Which is not as bad as some of the statements coming from the sporting world about whether the English cricket team should now be returning to India for the scheduled test series. "These terrorists have specifically targeted British people and American people," declared Lord MacLaurin, the former England and Wales Cricket Board chairman, this week. "I fully understand the England players might think this is a step too far."

Well, no one has a right to tell others what risks to take in the interests of higher politics. But before this particular vision of Muslim extremists bent on killing Westerners in general, and Brits in particular, takes hold, it is worth remembering that they did not arrive with the sole purpose of murdering Americans and British, or taking them hostage. It started with the indiscriminate killing of Indian passengers and families at the main Mumbai station. There were no Westerners there or likely to be. Of the 180 people killed in this multiple attack, only a dozen were from the West. The rest were nearly all Indians, many of them the staff at the two luxury hotels who died trying to protect their guests.

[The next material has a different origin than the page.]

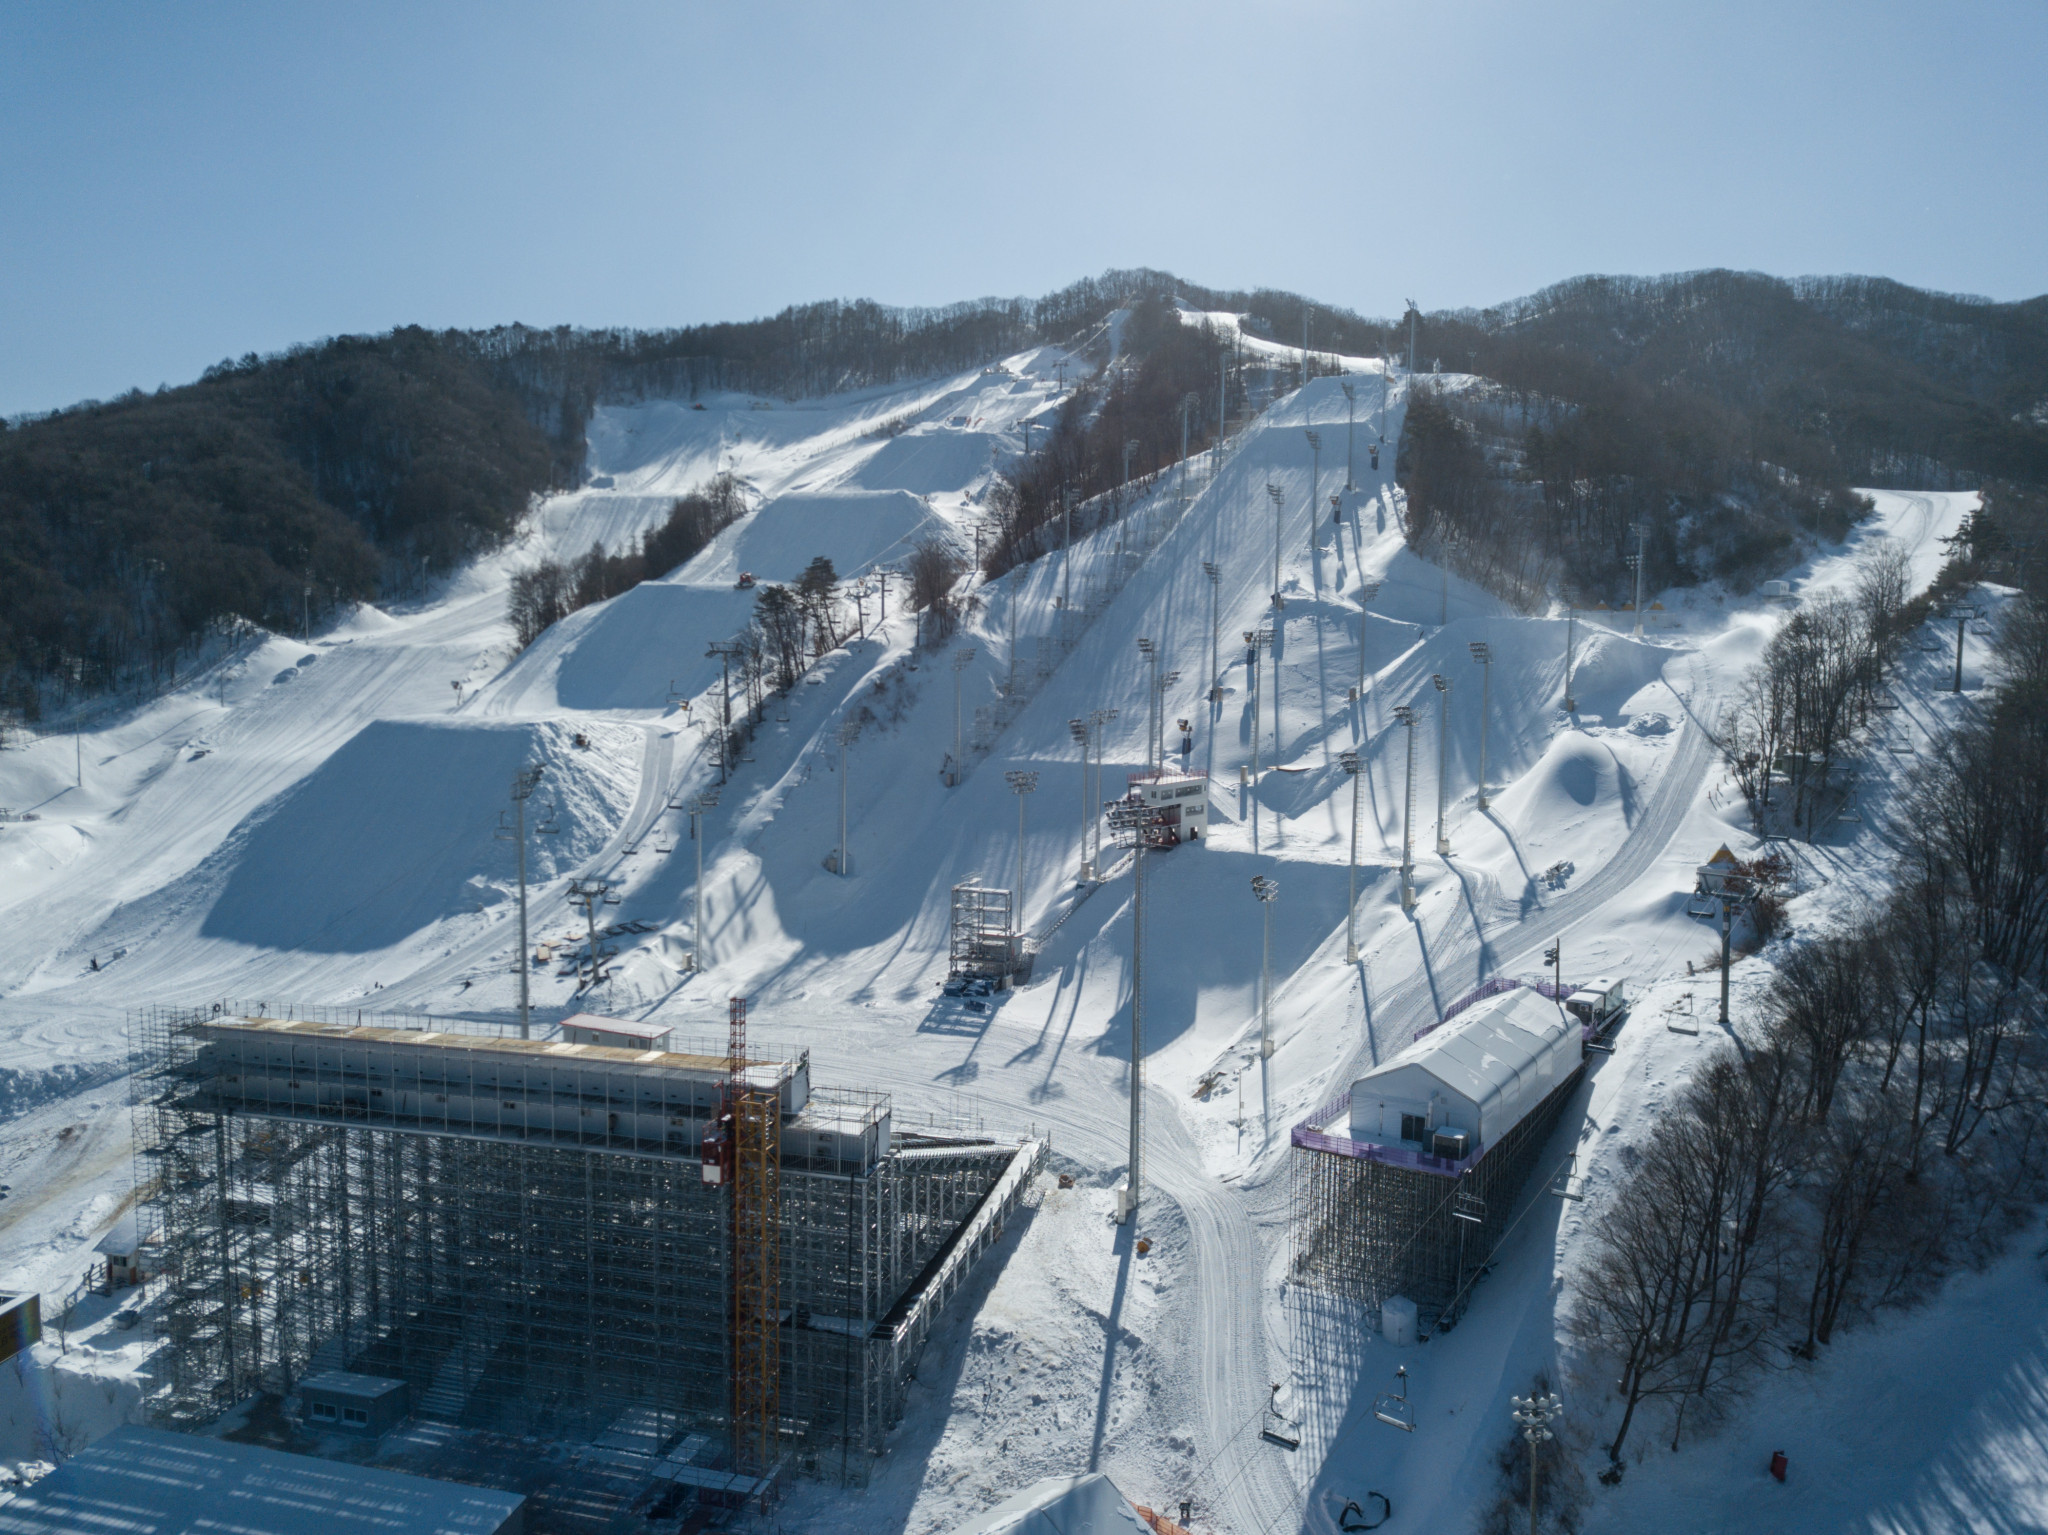 South Korea's Alpine snowboarders and mogul skiers will not stay at the Olympic Village at Pyeongchang 2018 ©Getty Images

The best of the British was heard in the survivors, all of whom paid special tribute to the hotel workers, many adding that their own woes were nothing compared to those of the locals. The worst of the British is heard in the petty arguments about the English cricket team, the neurotic concern with safety from an attack too well-prepared to be repeated at will, and the fatuous debate over whether it would be better to cancel if not able to field a full team of top players.

Of course we should go, whatever. We should go to honour the dead, Indian as our own. We should go because India is now the centre of the cricketing world and we ignore it at our peril. And we should go because to do so is to make a statement of solidarity with the Indians, just as not going would be to make a clear statement of the opposite.

There is always after these outrages a tendency to talk of the attacks as "mindless". That, they are not. Their aim was clearly to create mayhem in a manner that would at once hurt India, frighten the West from the region, wreck any signs of rapprochement with Pakistan, exacerbate divisions between Muslims and Hindus, and above all make the presence of the extremist felt and its causes, as much through the power to hurt as the power to dominate the headlines.

If you go down the list, you can see that they have initially succeeded in almost every one of those aims. They have shown up the Indian state at its weakest and most ill-prepared. They have created the impression that they were after Americans and British as particular targets and thus caused alarm in the Western capitals. They have stoked up anti-Muslim passions. Indo-Pakistani relations have been strained to breaking point.

If you add to that a wish to destabilise the Pakistani government at a time when the new democratically-elected president is trying to meet US demands to stamp down on the militants, you can see the brutal logic of sending a team of highly trained young men to cause chaos in India's commercial capital, in front of the television cameras of the world. Hostage taking was clearly not the object. There were never any hostage negotiations. Singling out Americans and British wasn't the prime aim. If it was they would have pursued it more determinedly. A claim to unviersal attention was.

I wouldn't pretend that the minds behind this attack were clever enough to work all this out, any more than they had expected the total collapse of the Twin Towers when the planes went in. But they are not fools. Terror has a purpose.

Which is why the leaders of Pakistan and India need to show statesmanship in their relations and why the international community should support conciliation between the two rather than cornering Pakistan with humiliating demands.

It is why the world at large needs to help India recover as quickly as possible, restoring trade and tourism. It is why security authorities everywhere need to concentrate on this threat as a crime with an aim and not some outbreak of a clash of civilisations or any such nonsense preached by Bush and Blair in their "war on terror". And it is why, just as they had apparently decided last night, England's cricketers must get on the plane to do their sporting duty.